Robert Woodward Barnwell (1801-1882)
Robert Woodward Barnwell (1801-1882) was an American planter, lawyer, and educator from South Carolina who served as a Senator in both the United States Senate and that of the Confederate States of America.
He was born in Beaufort, South Carolina on August 10, 1801 into a prosperous and influential family. His father Robert Barnwell had served in the Continental Congress and the U.S. Congress. This Barnwell began his advanced education at Beaufort College, then graduated from Harvard. He returned home to manage the family plantation.
Robert Woodward's political career began in 1826 when he served in the South Carolina state House of Representatives for Beaufort County. He held that office until 1828, when he was elected to the U.S. Congress. He served as a congressman from 1829 until 1833. (He declined to run again in 1832.) From 1833 to 1841 he was head of the South Carolina College, now known as the University of South Carolina, in Columbia.
Barnwell was appointed to the United States Senate in after the death of Franklin Elmore on May 29, 1850. He served only from June until December, when after a special election Robert Barnwell Rhett replaced him. During this time period the tenuous balance between the northern and southern Senators required such short term appointments. His one distinction in the Senate involved the admission of California as a state. He opposed statehood in vain, but then had the good grace to introduce and present the credentials for one of her new senators, John C. Fremont.
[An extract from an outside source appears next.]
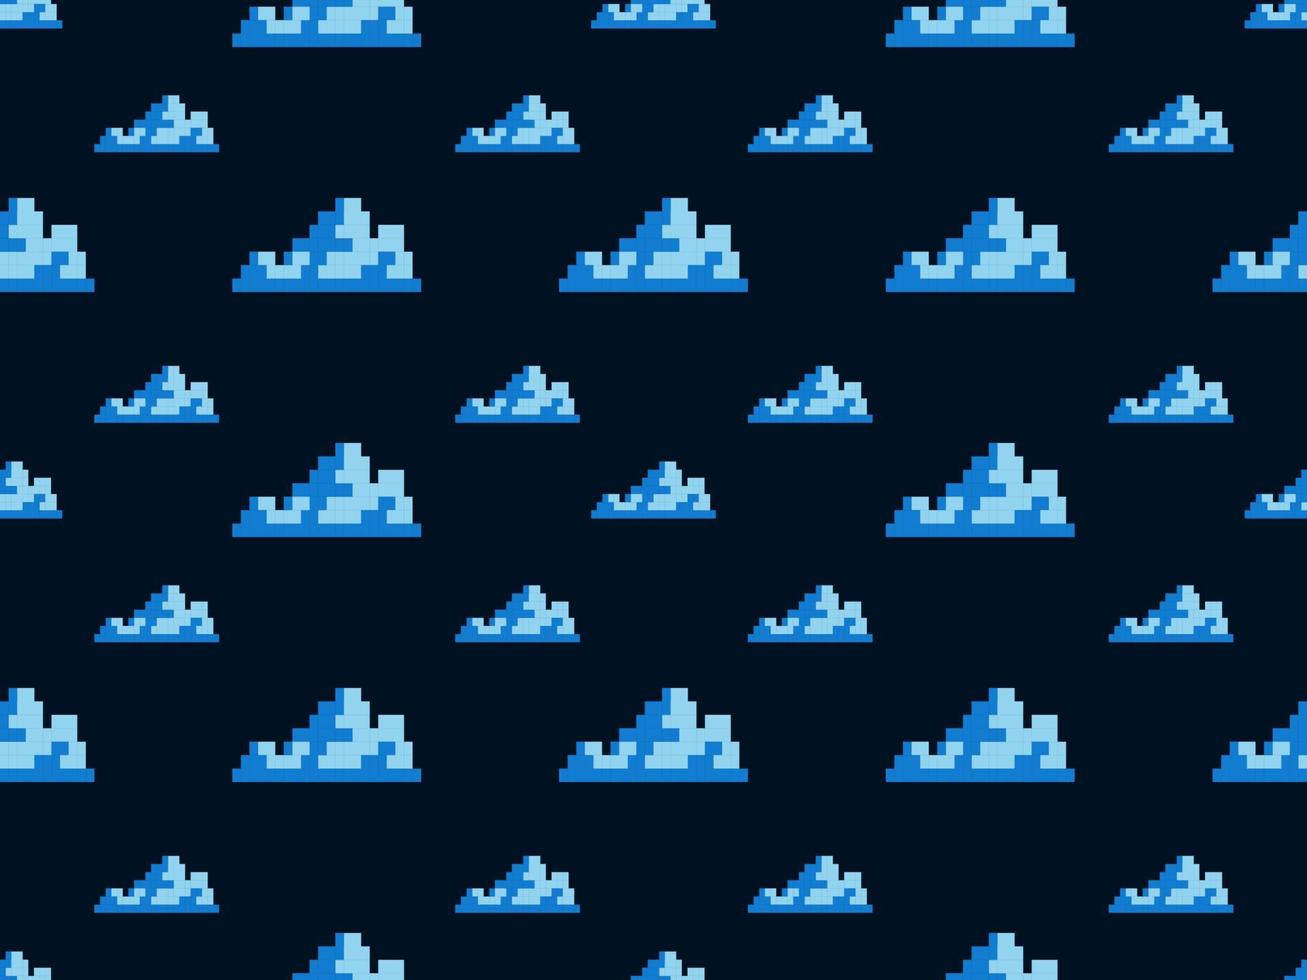 Cloud cartoon character seamless pattern on blue background.Pixel style vector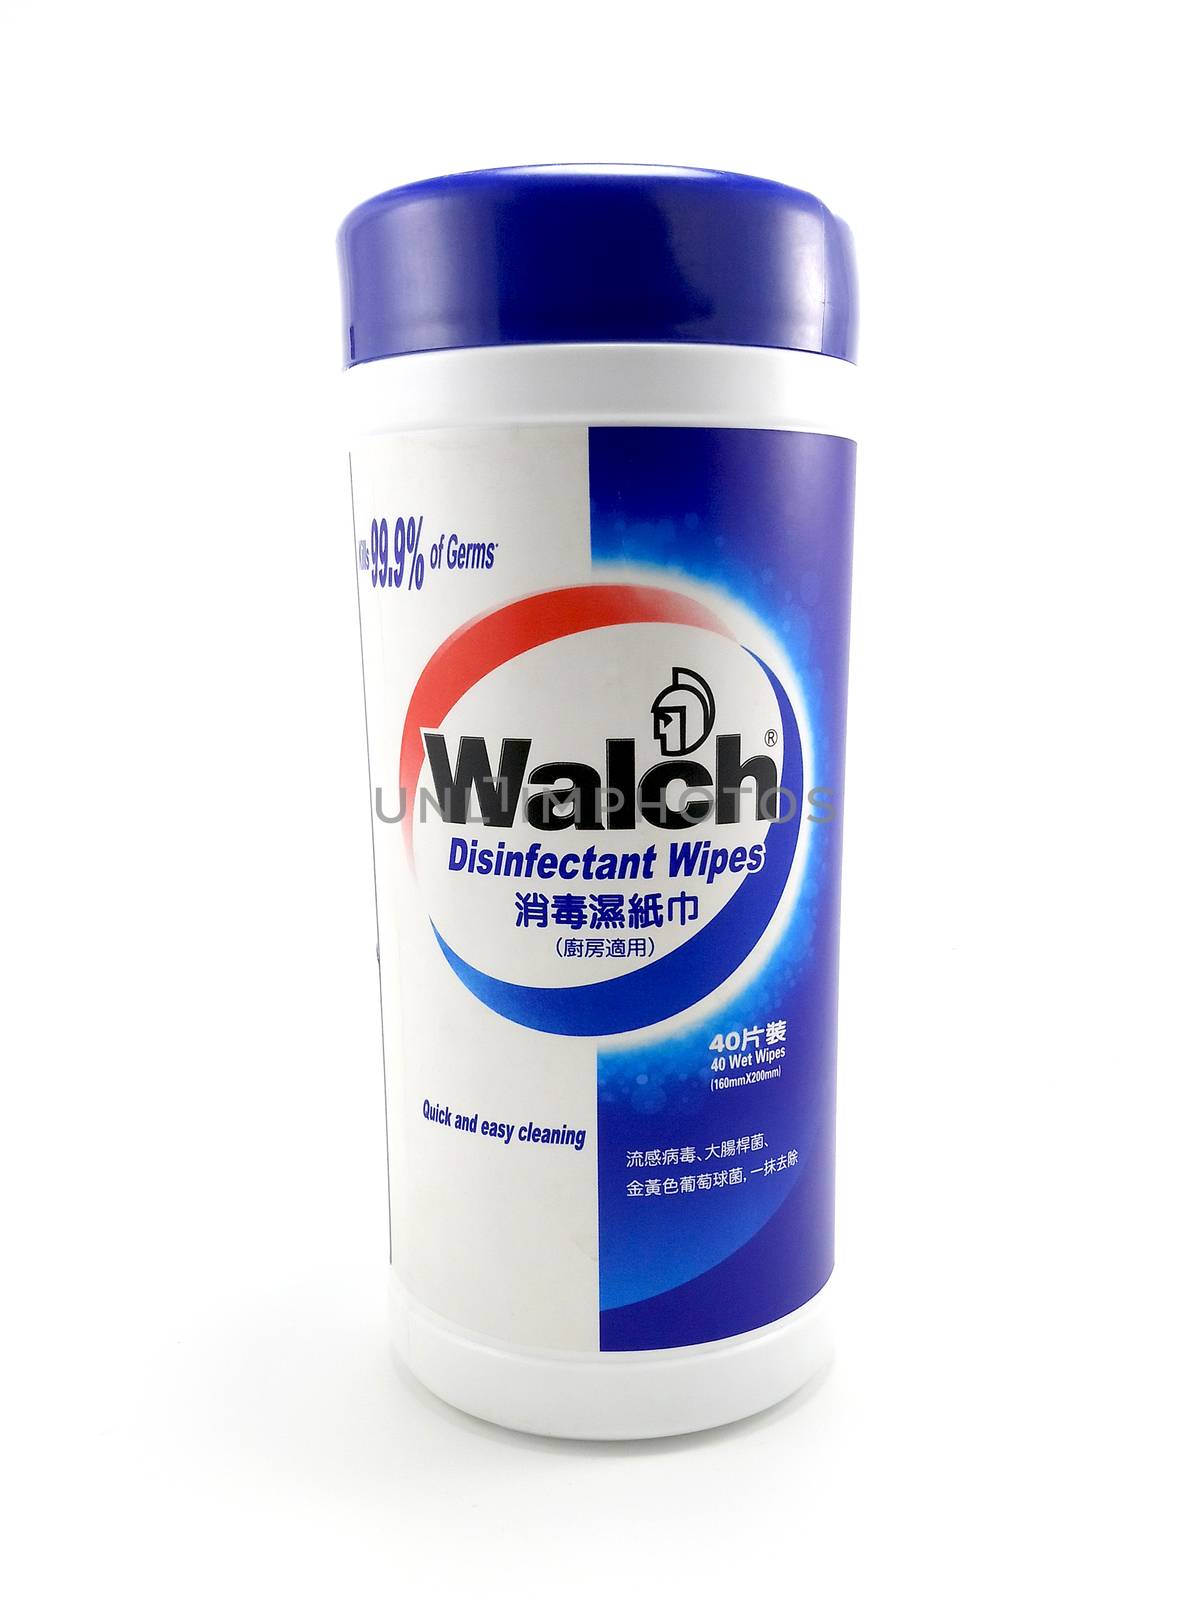 MANILA, PH - JUNE 23 - Walch disinfectant wipes wet tissue on June 23, 2020 in Manila, Philippines.

In 1861 Barnwell was a delegate to the Confederate States of America Provisional Congress held in Montgomery, Alabama. At the congress' first meeting on February 4, 1861, William P. Chilton moved that Barnwell be appointed to preside temporarily over the Congress until its permanent organization. The Congress approved that proposal, but later that day, Barnwell handed the presidency over to Howell Cobb, who was elected president. In that Congress, he cast the vote (February 9, 1861) that ensured the election of Jefferson Davis as the Confederate President, and signed the Confederate Constitution. He represented South Carolina in the Confederate Senate from 1861 until 1865.
After the Civil War, he returned to Columbia and the University as an instructor. He as the chairman of the faculty at the South Carolina College from 1866 until 1873 when he retired. He died in Columbia on November 5, 1882 but was buried in St. Helena's Churchyard back in Beaufort.